Ruralninja Tue 23-Apr-13 15:03:14

And what 'wild, natural' environment has got to do with it is precisely nothing!

ditavonteesed Tue 23-Apr-13 15:04:56

all dogs should have perfect recall.

ditavonteesed Tue 23-Apr-13 15:05:29

dogs should only ever interact with other dogs when both owners have agreed to it.

Whoknowswhocares Tue 23-Apr-13 15:05:36

Perhaps a dog, with its natural instincts not having been eradicated for the convenience of mankind, would be prepared to disagree with your less than expert view!

Ruralninja Tue 23-Apr-13 15:13:12

Oh god another thread full of dimwits! I don't know what's up with MN today, honestly...

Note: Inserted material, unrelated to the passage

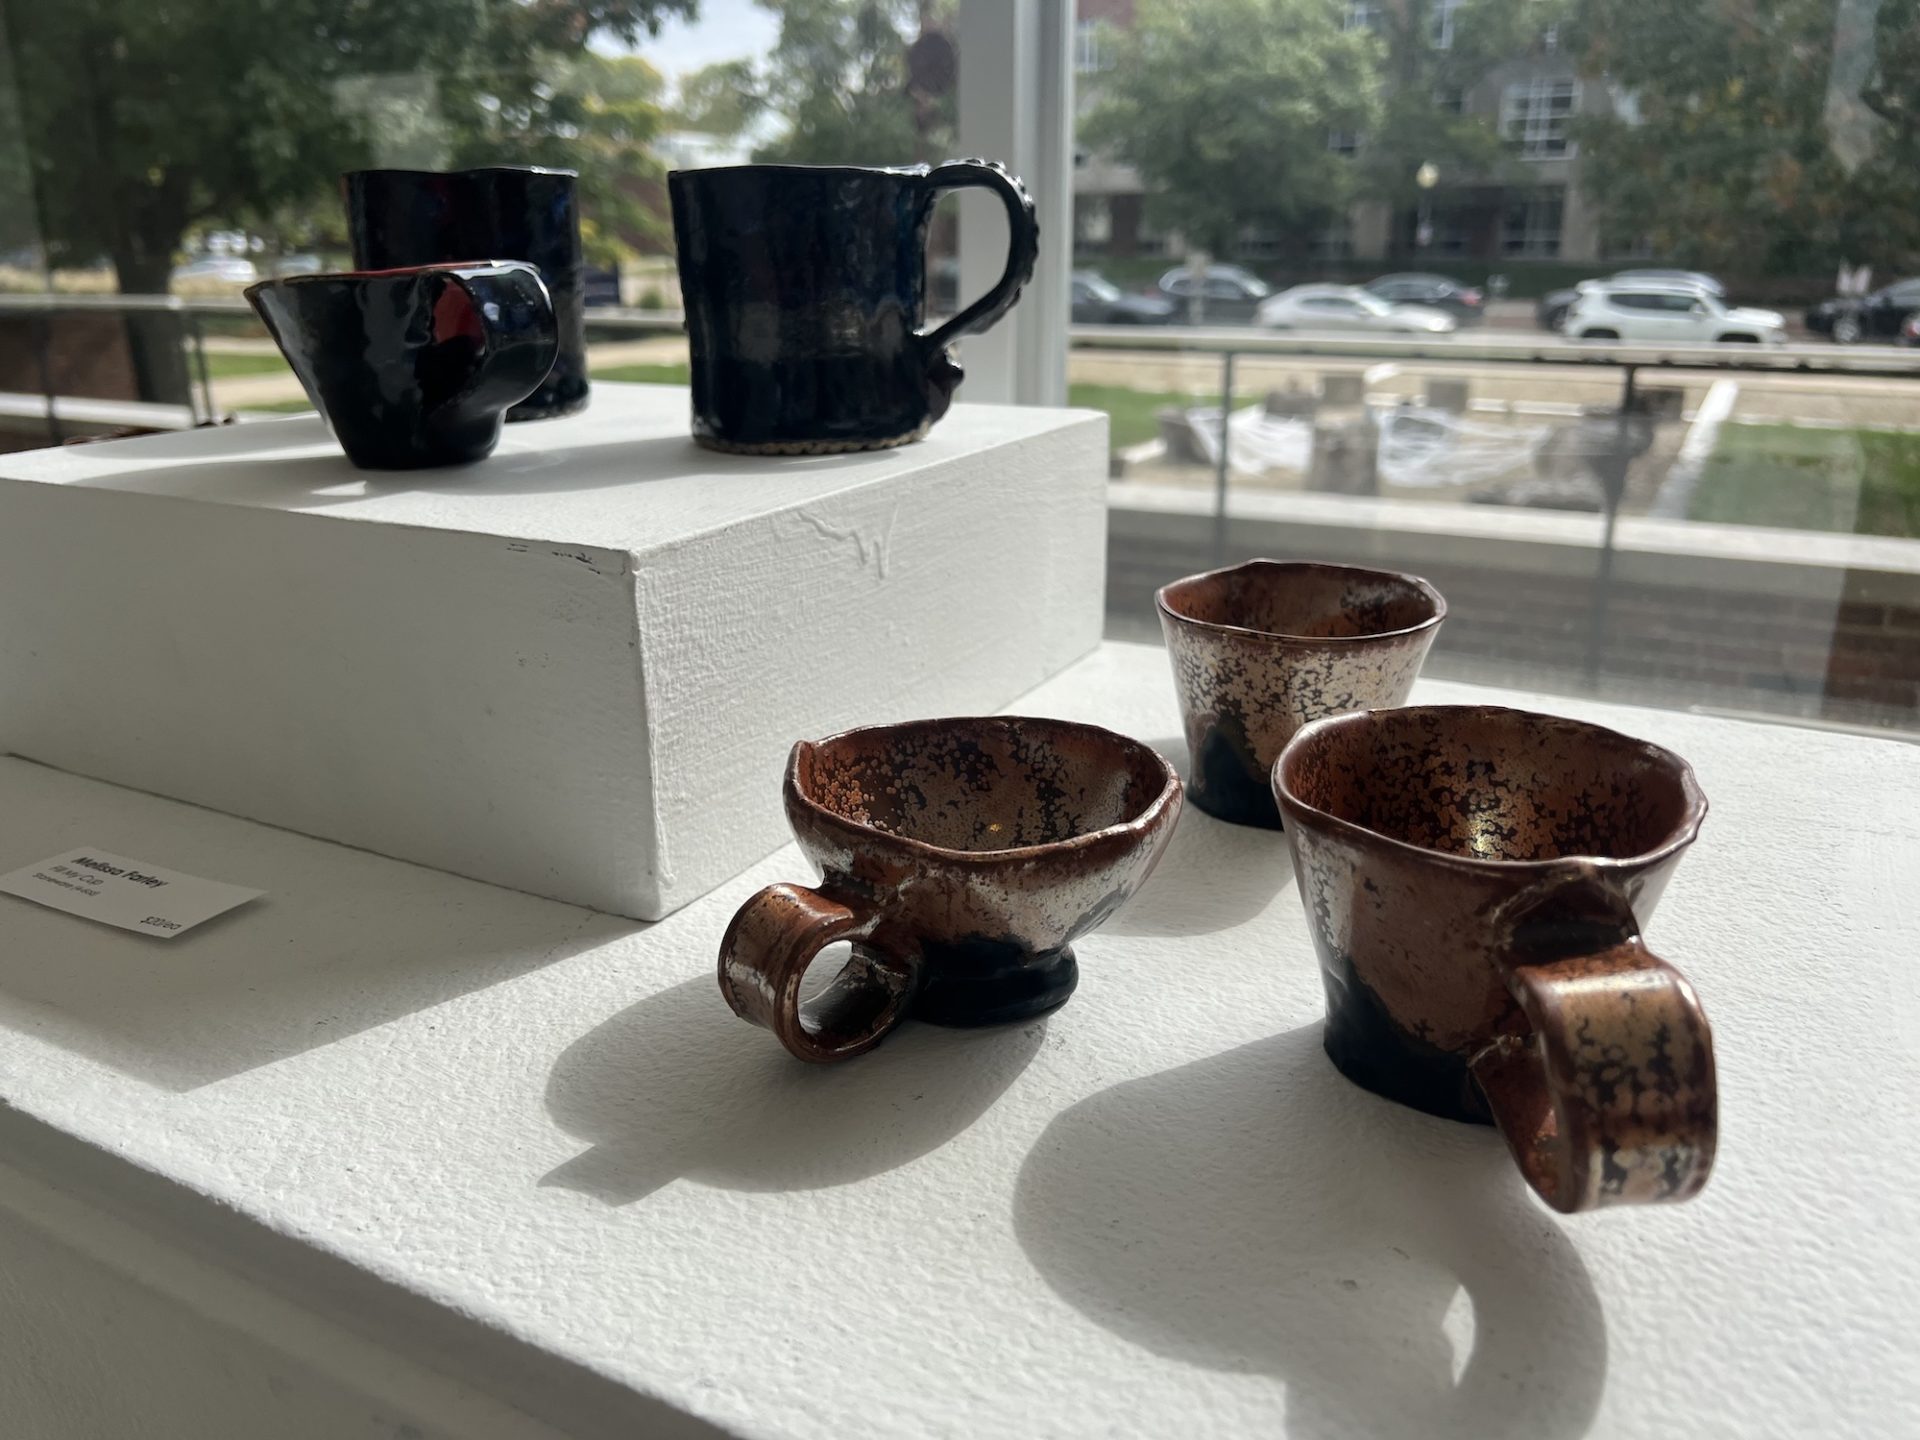 cups sit on a white display in front of a large window

TantrumsAndBalloons Tue 23-Apr-13 15:13:18

RuraIninja. dogs should not be off the lead if they do not have good recall, not around other dogs anyway.

And owners should not allow their dogs to approach any other dog/person unless they are told its ok. Thats basic courtesy.

notsoyoniface Tue 23-Apr-13 15:24:31

Have you heard of the 'yellow dog project' I have only seen it on FB, but it looks quite good. I think it's only just taking off in the US so it may come over here yet. It means that you put a yellow ribbon on the dogs lead to let other dog owners know that your dog has issues with other dogs or people. I really hope it takes off here as one of my dogs is terrified of other dogs and people as she was abused as a puppy.

mistlethrush Tue 23-Apr-13 15:33:08

D0oin - you would hear me bellowing as mistlehound spotted you as a speck in the distance and I would do my utmost to get her back before getting near Whippy - of course it is not sensible to let your off-lead dog approach an on-lead dog unless invited by the owner - why on earth do people think that it is on the lead in the first place?

I have seen the Tshirt option recommended as helping to calm dogs down a lot and help them with stressful situations - will try to dig you a link out after school run.

cq Tue 23-Apr-13 15:51:48

Watching with interest. I always TRY and recall my dogs before they go charging up to another dog, whether on or off lead. Not always possible when you suddenly come upon someone round a corner.

But if an on-lead dog was bothered by my dog, I would immediately grab her, pull her away and apologise profusely.

IMO, the dog on the lead is 'in the right' as the owner has it under control, however it is reacting. If my loose dog caused a problem then it is totally my fault.

Sadly not always possible to avoid these situations but if all owners are reasonable then hopefully the situation will not escalate.

Really like the yellow ribbon idea, but not sure how easy it would be to spot a yellow ribbon from afar. Guess any warning is better than none.

ditavonteesed Tue 23-Apr-13 15:58:44

the yellow ribbon is a good idea, although the lead in itself should be all that is needed, what if my dog was on a lead becasue it is recoveing from a major operation, would it still be ok for your dog to come and play with it? cq that wouldnt bother me in the slightest the thing that would bother me is people who think I am in the wrong for having an on lead and under control dog that doesnt want their dog sniffing round it. Ruralnija it is just common courtesy never to let you dog approach an on lead dog, and if you do your dog is the one that is out of control no matter how the on lead dog reacts.

pinkbraces Tue 23-Apr-13 16:00:52

Oh god another thread full of dimwits! yep, just take a look in your mirror!

My dog just doesnt like to be approached, off or on lead, and no matter how many times I ask people not to approach its as if Im talking another language.